Встать в полный рост я не сумел. Тело скособочилось, шея торчала вперед под углом, который, должно быть, придавал мне сходство с большой подбитой птицей.
Неожиданно передо мной вырос Джайлз. У меня возникло жуткое чувство, что все это время он был где-то поблизости.
— Обопритесь на мою руку, — сказал он.
В его голосе звучала неподдельная забота, и я испугался. В следующее мгновение он завладел моим локтем. Чтобы не дать ему до себя дотрагиваться, мне пришлось бы дернуть рукой и переместить таким образом центр тяжести всего тела, но я не мог этого сделать.
— Вам же к врачу нужно, — продолжал Джайлз. — Если бы мы были в Нью-Йорке, я бы направил вас к моему мануальному терапевту. Он просто кудесник. Знаете, я один раз спину вывихнул, когда танцевал, представляете?
— Мы доведем вас до вашего номера, дядя Лео. Поможешь, Тедди?
— Не вопрос!
Это был долгий и мучительный путь. Каждый сделанный шаг посылал болевой удар от бедра до самой шеи. Голову я поднять не мог, поэтому практически не видел, что творится вокруг, но присутствие с одной стороны Джайлза и с другой Марка вызывало во мне смутное чувство опасности. Они устроили по пути такую демонстрацию галантности и заботы, ну ни дать ни взять актеры, которым поручили сымпровизировать этюд с калекой в качестве реквизита. Говорил в основном Джайлз, пространно рассуждая о мануальной терапии и иглоукалывании. Он настоятельно рекомендовал китайские снадобья на травах и гимнастику пилатес, потом переключился с альтернативной медицины на искусство, упомянув о коллекционерах, покупающих его работы, о последних продажах, о большом очерке, посвященном его творчеству. Я знал, что это не пустопорожняя болтовня, что он куда-то клонит и вот-вот перейдет к главному. И он перешел. Он заговорил о холсте Билла.

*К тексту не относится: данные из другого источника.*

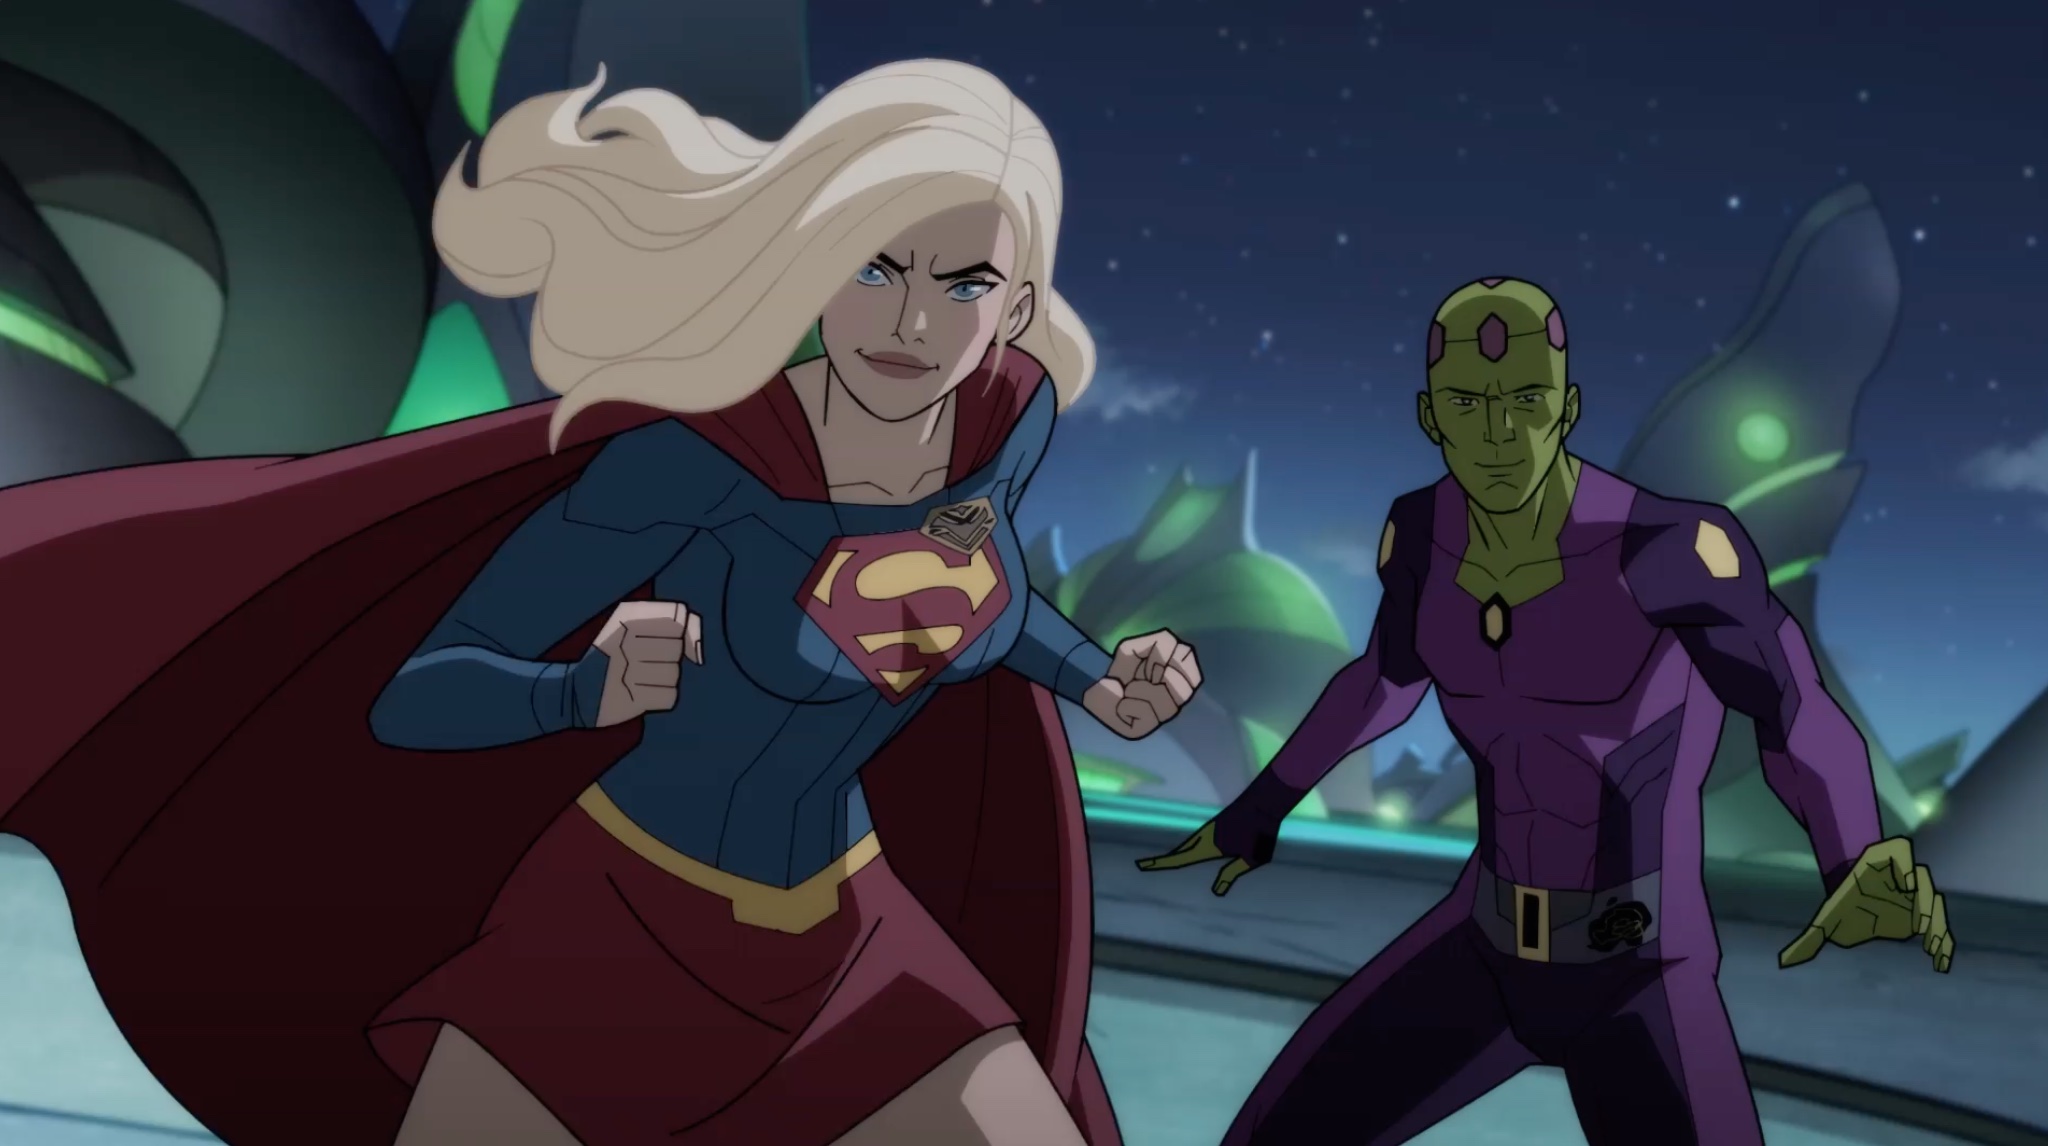 Legion of Super-Heroes with Super Girl (Meg Donnally) and Brainiac 5 (Harry Shum Jr.)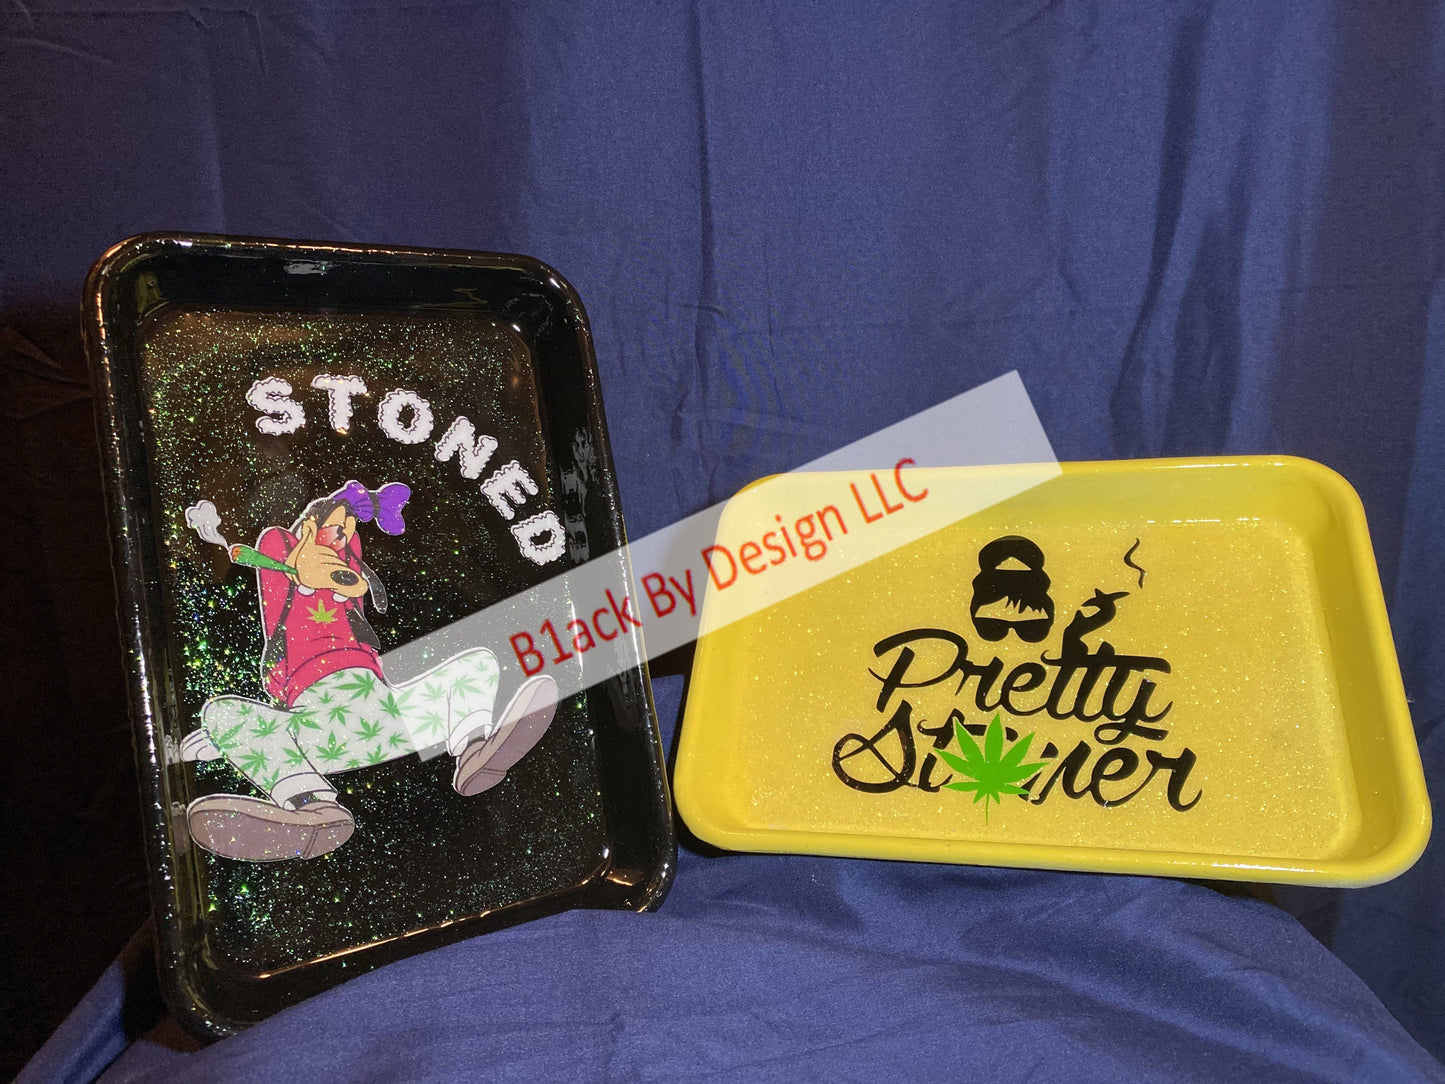 Custom Tray - Pretty Stoner/Stoned B1ack By Design LLC

Я прикрыл глаза, пытаясь абстрагироваться от его трепотни. А он распинался о том, что у него и в мыслях не было кого-то обидеть, что ему это "и во сне не могло присниться", что все нахлынуло как порыв вдохновения, как путь к ниспровержению, как нечто доселе в искусстве неизведанное. В общем, можно было подумать, что я слышу Хассеборга. Думаю, что даже слова он выбирал те же. Говоря, он все сильнее сжимал мой локоть.
— Уильям Векслер, безусловно, был художником замечательным, но работа, которую я купил, явно проходная. В моем преломлении в ней открылись новые грани.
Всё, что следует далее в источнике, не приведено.